13. The method of claim 12, further comprising using a force-field function comprising one or more pi-stacking interactions for calculating the energy of the stacked pose configuration in isolation, wherein the corresponding set of force-field parameters have been determined using machine learning to account for the one or more pi-stacking interactions.
14. The method of claim 10, wherein computing the docking score for the candidate drug using the determined energies comprises:
calculating a subtraction of one or more of the determined energies as the docking score; or
calculating a score using Vinardo.
15. The method of claim 1, wherein taking the action based on the corresponding docking scores comprises:
clustering each stacked pose configuration in the plurality of stacked pose configurations using a measure of similarity into a plurality of clusters;
for each cluster in the plurality of clusters, identifying a stacked pose configuration as a representative stacked pose configuration of the cluster; and
providing the respective docking scores for the representative stacked pose configuration of each cluster.
16. The method of claim 1, wherein taking the action based on the corresponding docking scores comprises:
assessing a measure of efficacy for the candidate drug based on the corresponding docking scores.
17. The method of claim 16, wherein the measure of efficacy is determined by aggregating docking scores corresponding with a set of P lowest energy stacked pose configurations in the location of the binding site in the prion-protein filament.

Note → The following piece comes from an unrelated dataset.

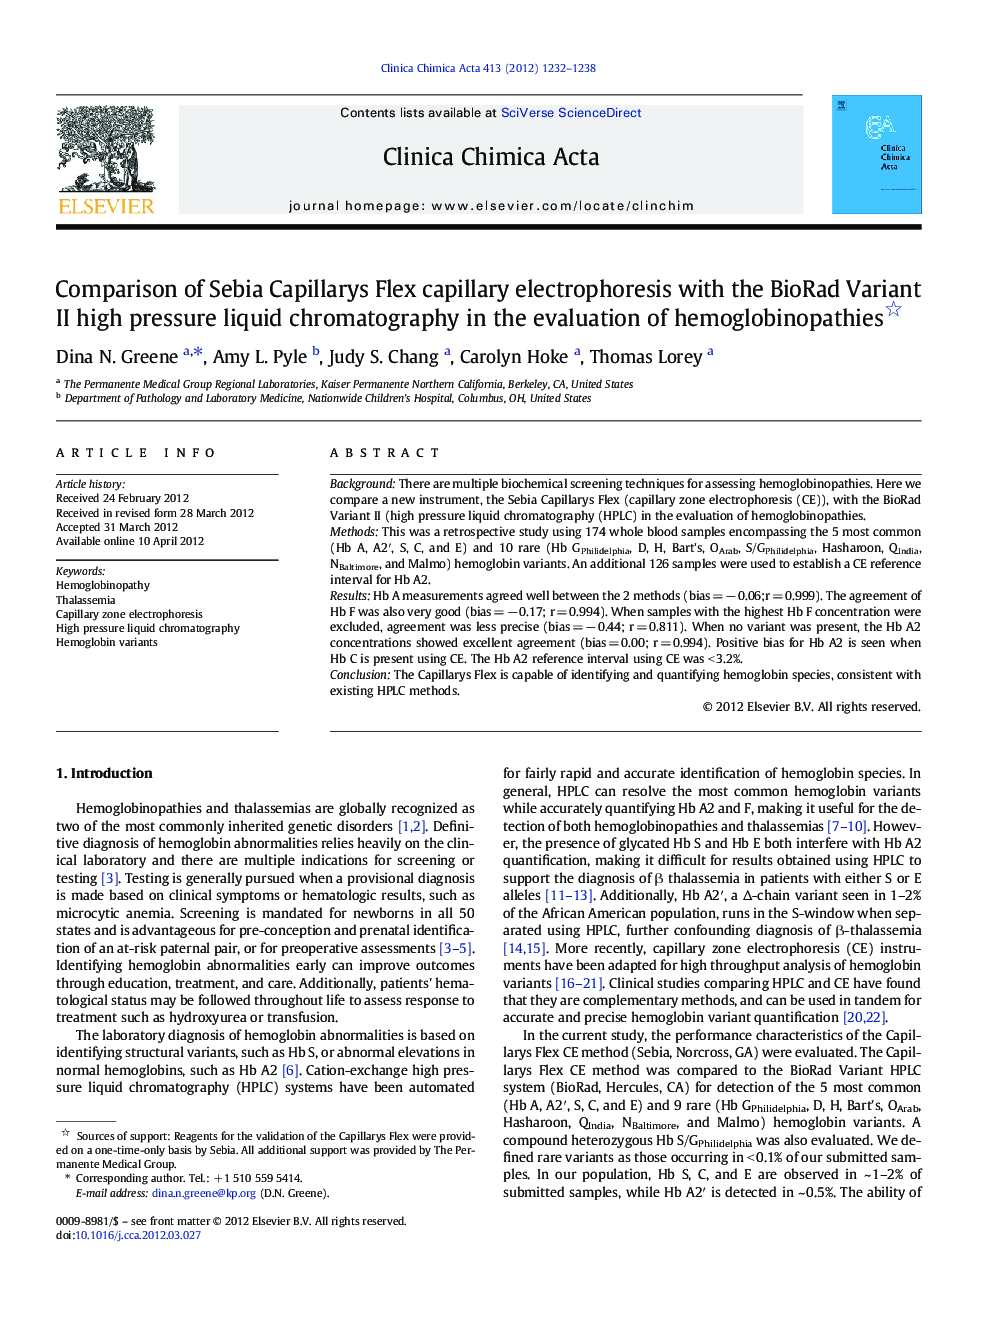 Comparison of Sebia Capillarys Flex capillary electrophoresis with the BioRad Variant II high pressure liquid chromatography in the evaluation of hemoglobinopathies

18. The method of claim 10, wherein taking the action based on the corresponding docking scores comprises:
maintaining at least one of the complexes and corresponding docking scores in a database.

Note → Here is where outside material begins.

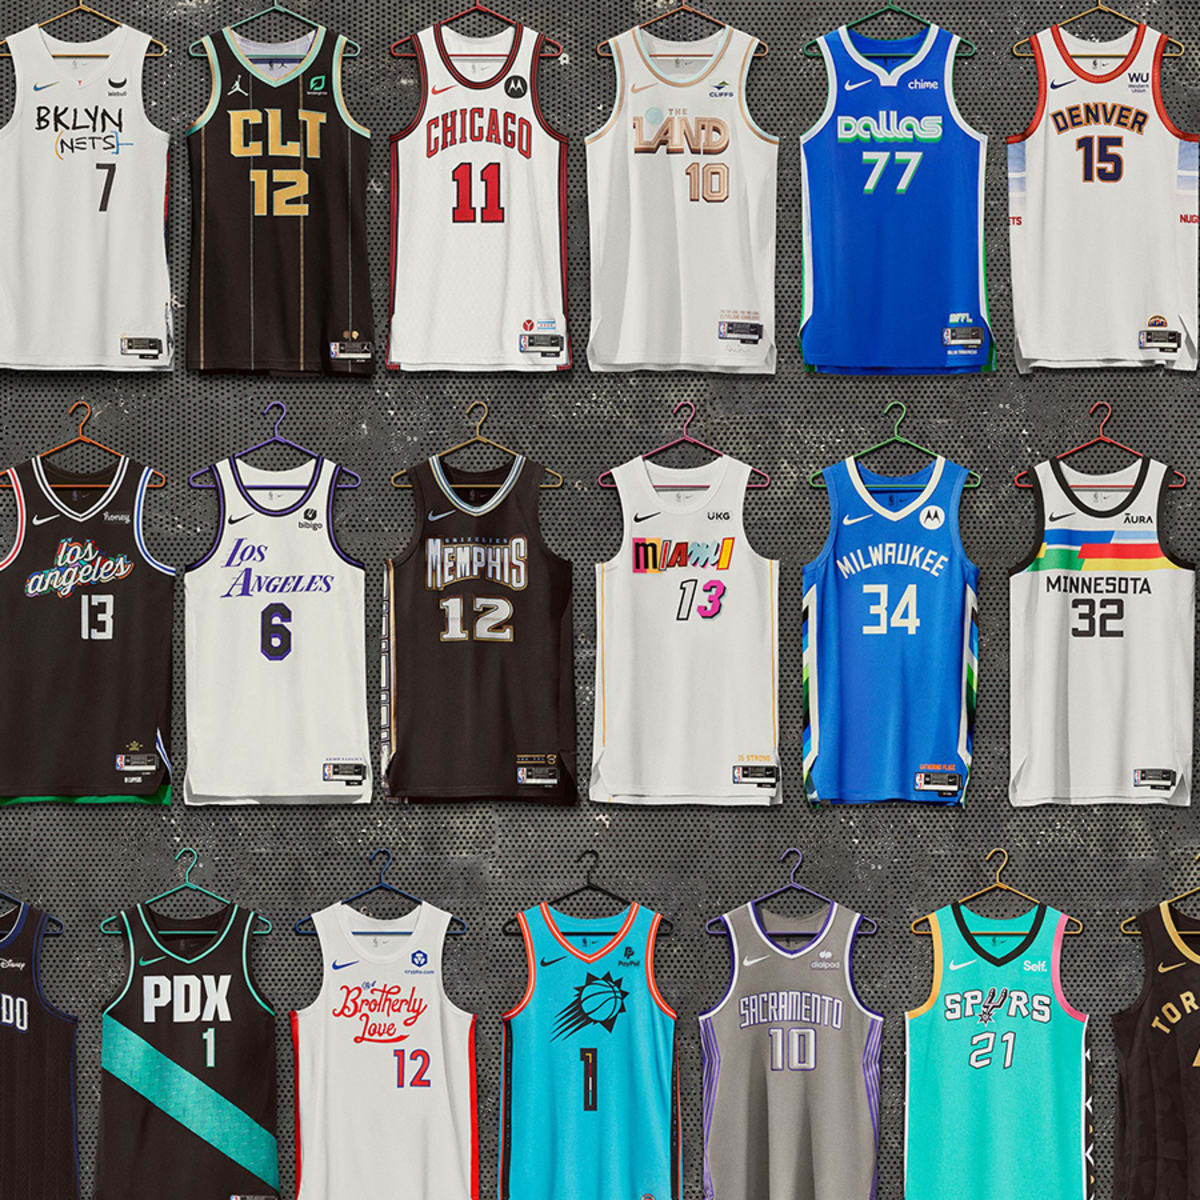 Ranking the 2017-18 NBA 'City' uniforms

19. The method of claim 10, wherein taking the action based on the corresponding docking scores comprises:
using at least one of the complexes and corresponding scores for one or more downstream tasks.
20. A system comprising one or more computers and one or more storage devices storing instructions that are operable, when executed by the one or more computers, to cause the one or more computers to perform operations comprising:
receiving data comprising a structure of a candidate drug, a structure of a prion-protein filament comprising one or more prions, and a location of a binding site in the prion-protein filament structure;
generating a plurality of stacked pose configurations of the candidate drug using at least the candidate drug structure;
determining a corresponding docking score for each stacked pose configuration in the plurality of stacked pose configurations in accordance with a measure of a likelihood of binding for the stacked pose configuration in the location of the binding site in the prion-protein filament; and
taking an action based on the corresponding docking scores.
21. One or more computer readable media storing instructions that are executable by a processing device, and upon such execution cause the processing device to perform operations comprising:
receiving data comprising a structure of a candidate drug, a structure of a prion-protein filament comprising one or more prions, and a location of a binding site in the prion-protein filament structure;
generating a plurality of stacked pose configurations of the candidate drug using at least the candidate drug structure;
determining a corresponding docking score for each stacked pose configuration in the plurality of stacked pose configurations in accordance with a measure of a likelihood of binding for the stacked pose configuration in the location of the binding site in the prion-protein filament; and
taking an action based on the corresponding docking scores.